What is needed: Apart from the images, output the data below exactly.

Material provided:
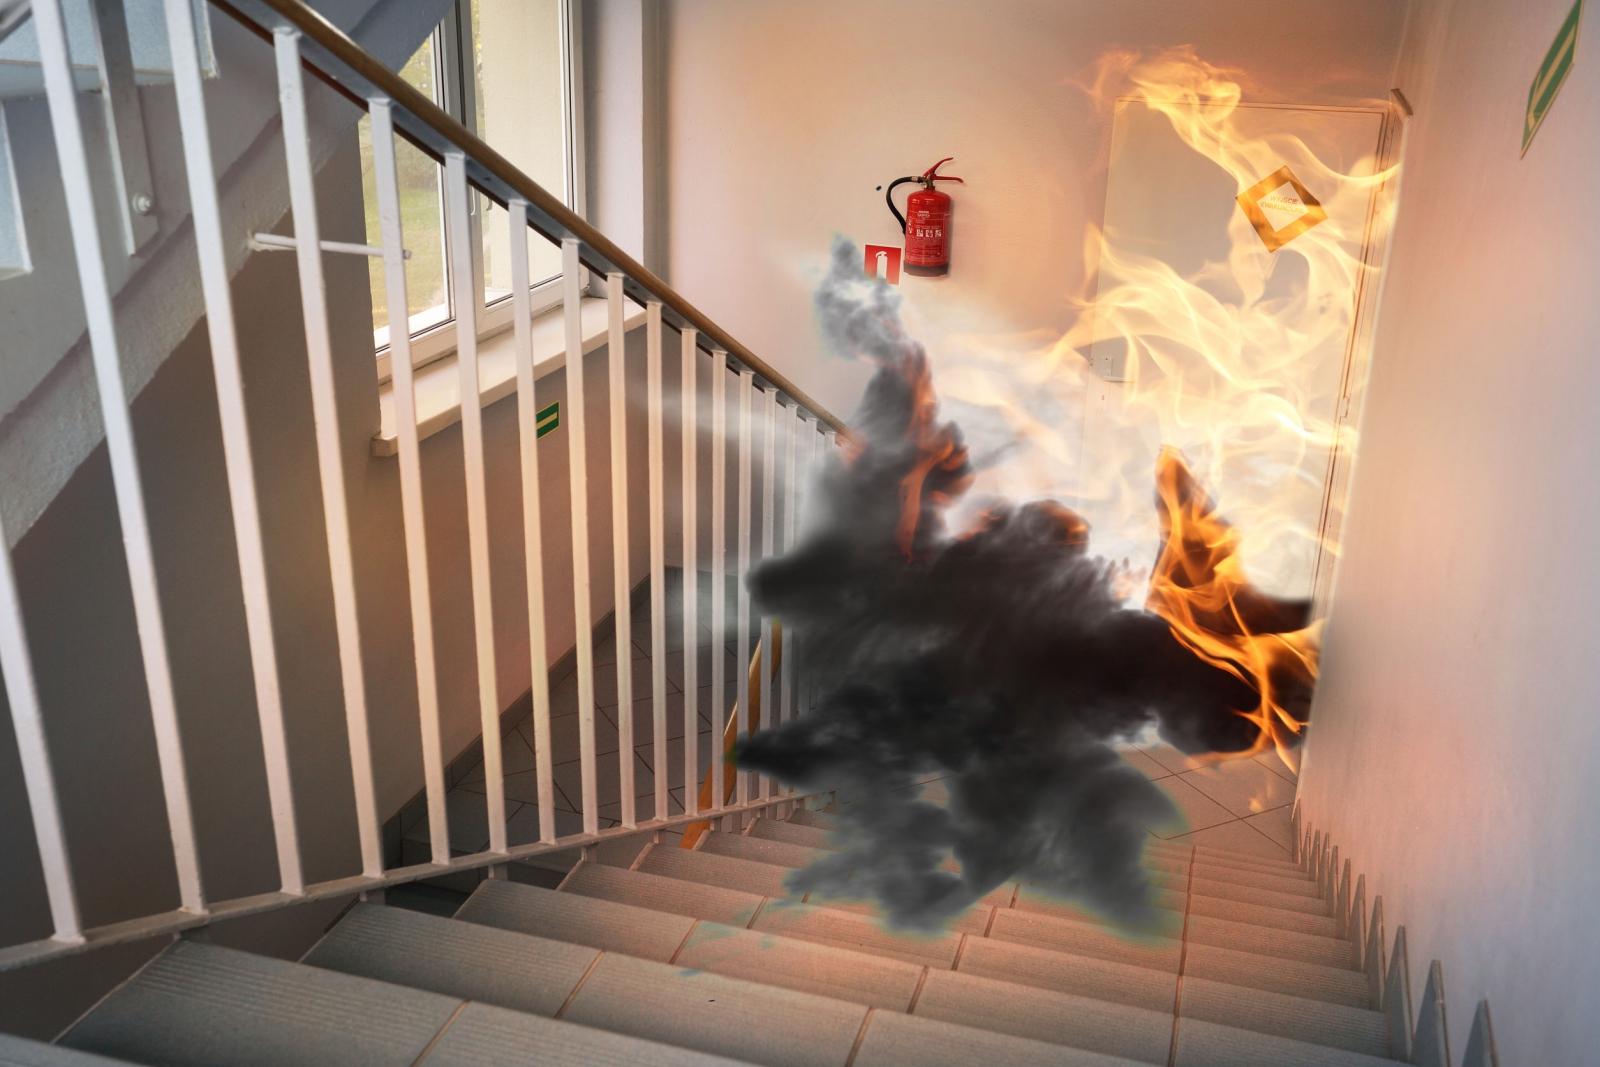 居家安全-出房門逃生時,往下還往上逃生才正確
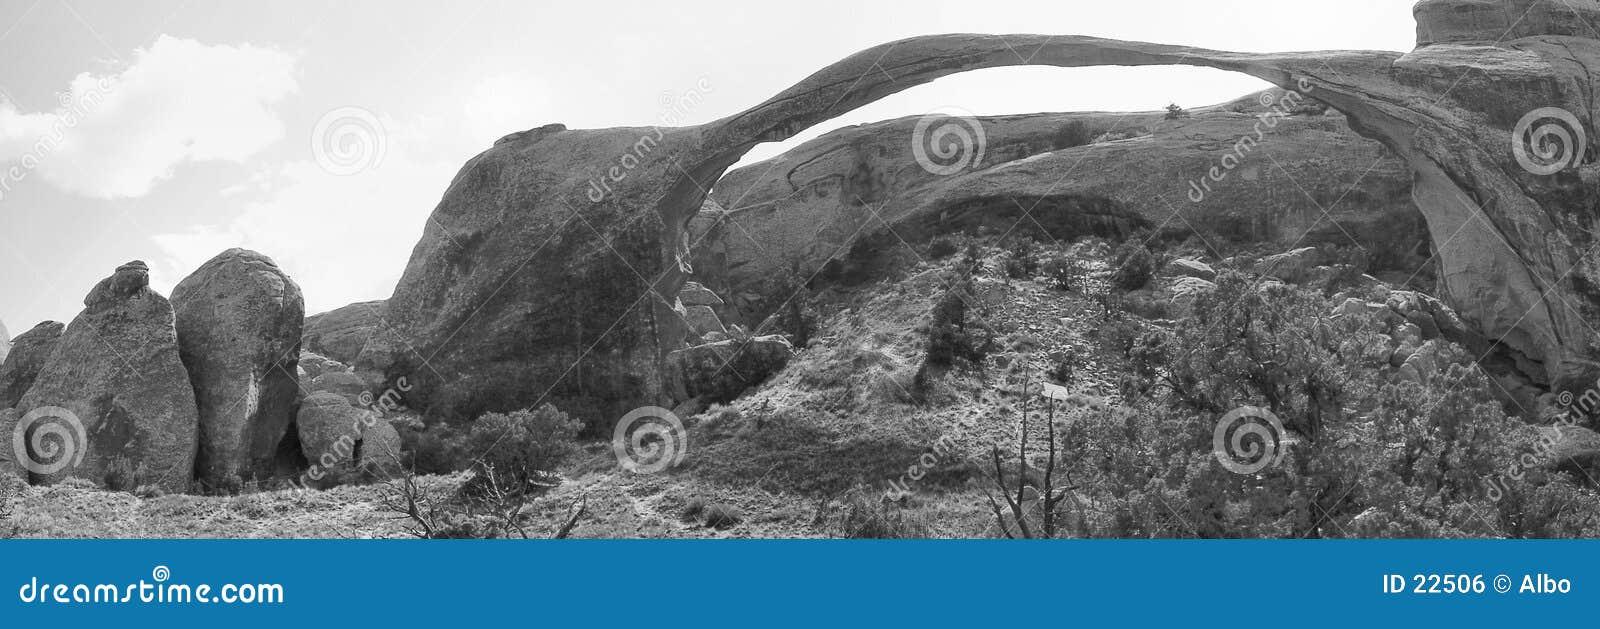 свод сгабривает парк ландшафта естественный
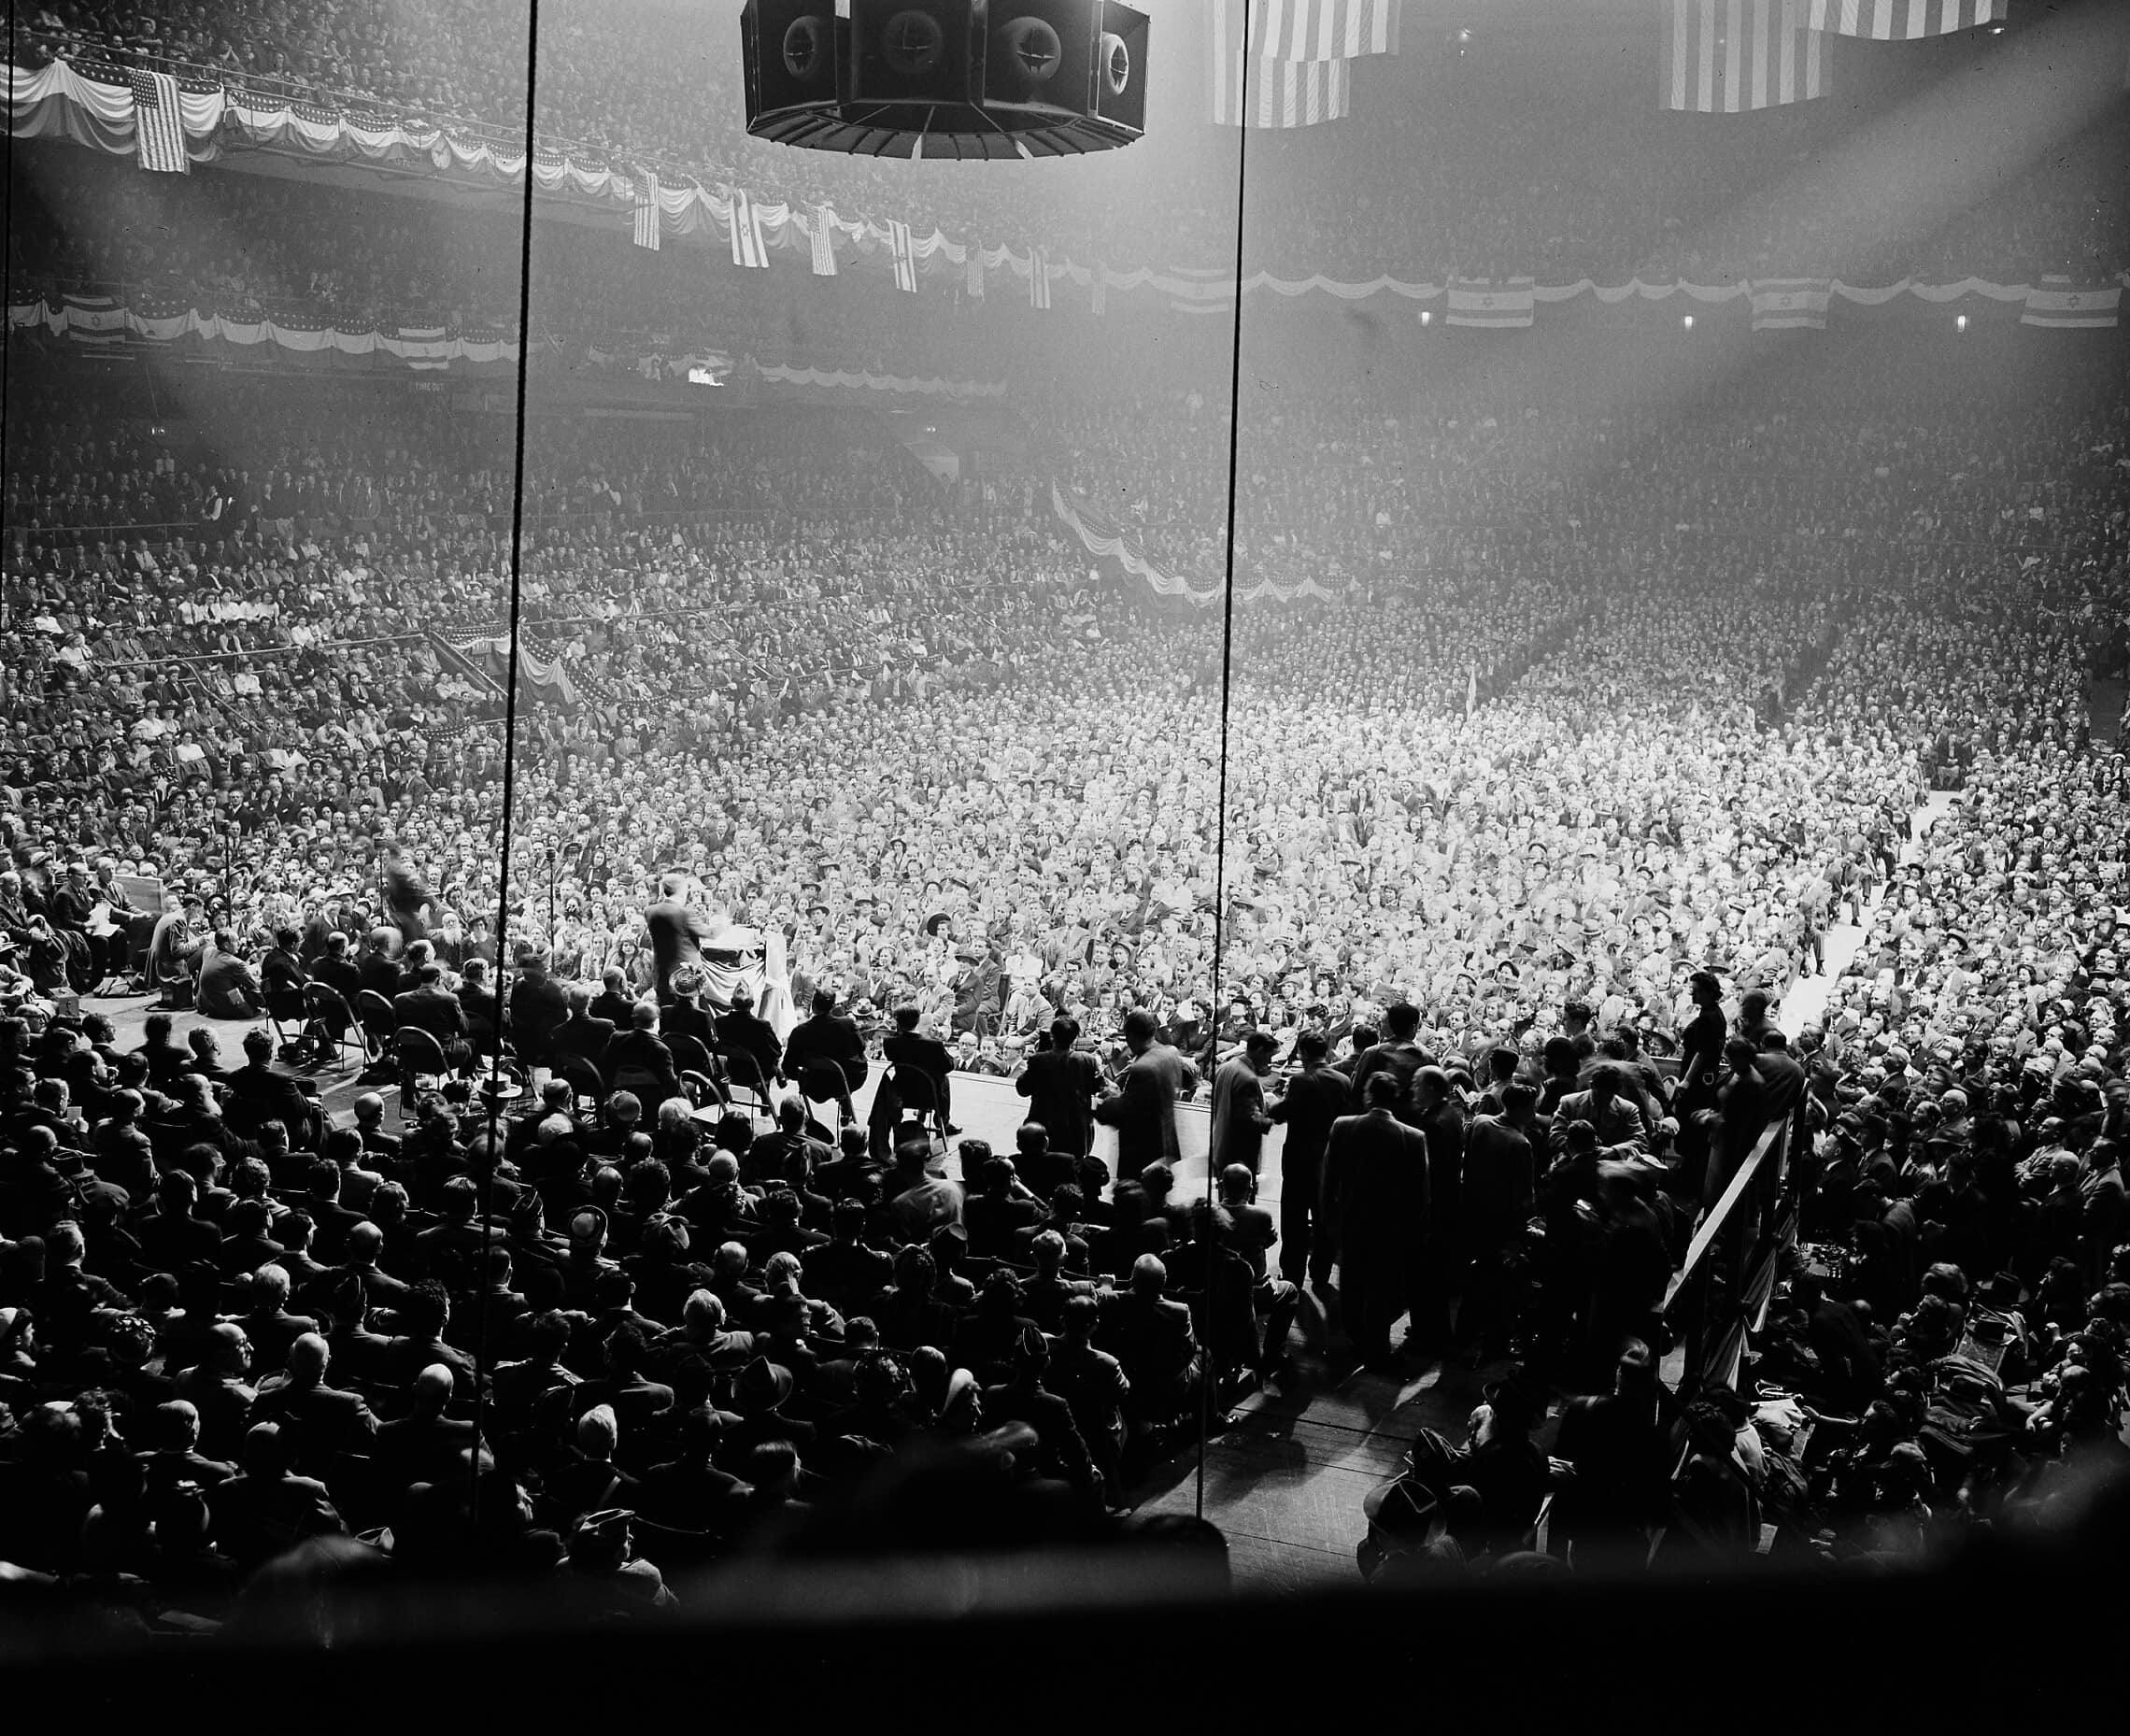 """ד""""ר אבא הלל סילבר נואם בפני קהל של עשרות אלפים במאדיסון סקוור גרדן, ניו יורק, ב-16 במאי 1948 (צילום: AP Photo)"""
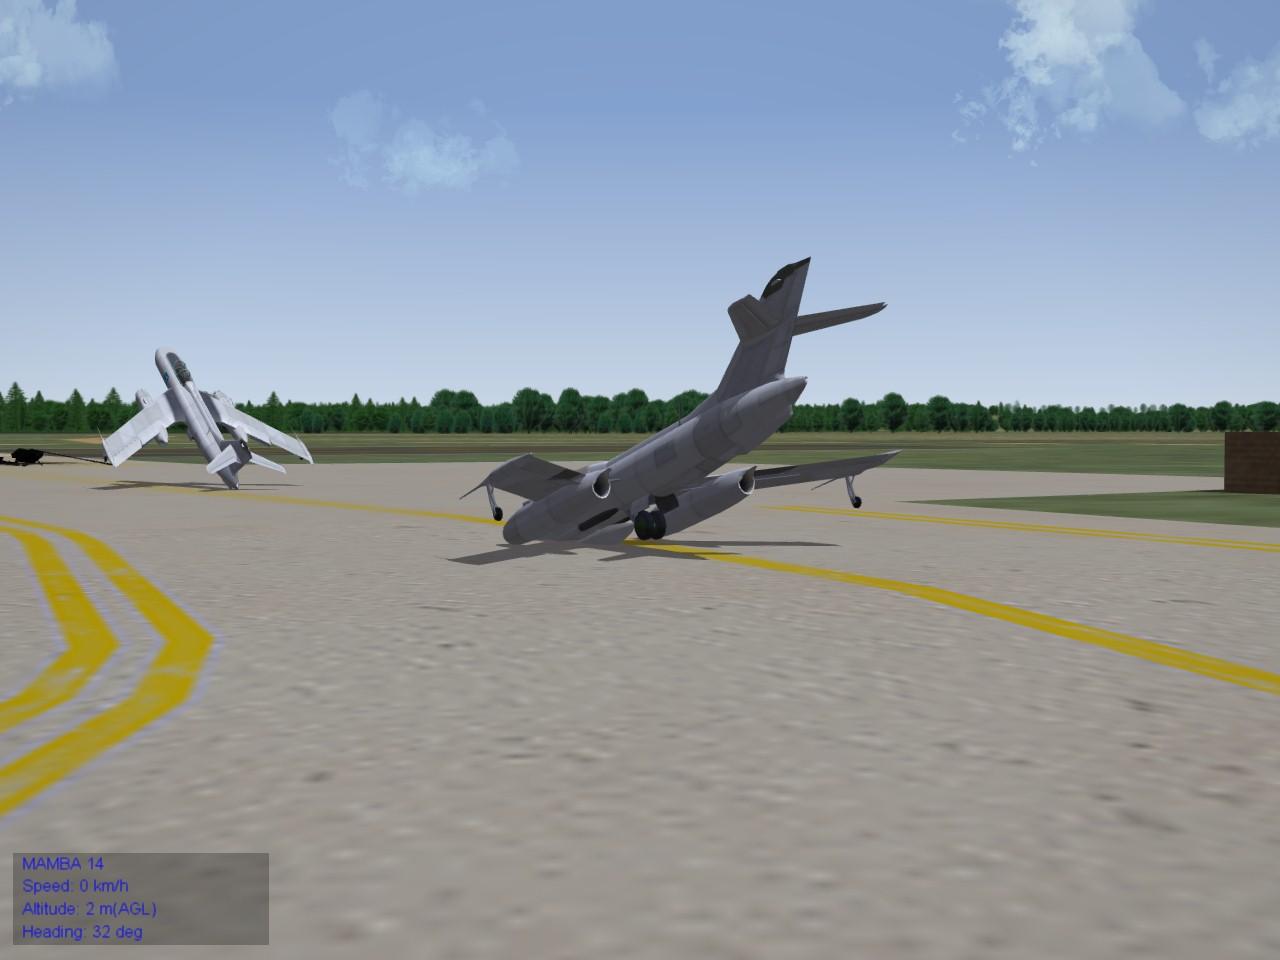 Mandrake M crashing on runway

Written answer:
 居家安全-出房門逃生時,往下還往上逃生才正確
 свод сгабривает парк ландшафта естественный
 """ד""""ר אבא הלל סילבר נואם בפני קהל של עשרות אלפים במאדיסון סקוור גרדן, ניו יורק, ב-16 במאי 1948 (צילום: AP Photo)"""
 Mandrake M crashing on runway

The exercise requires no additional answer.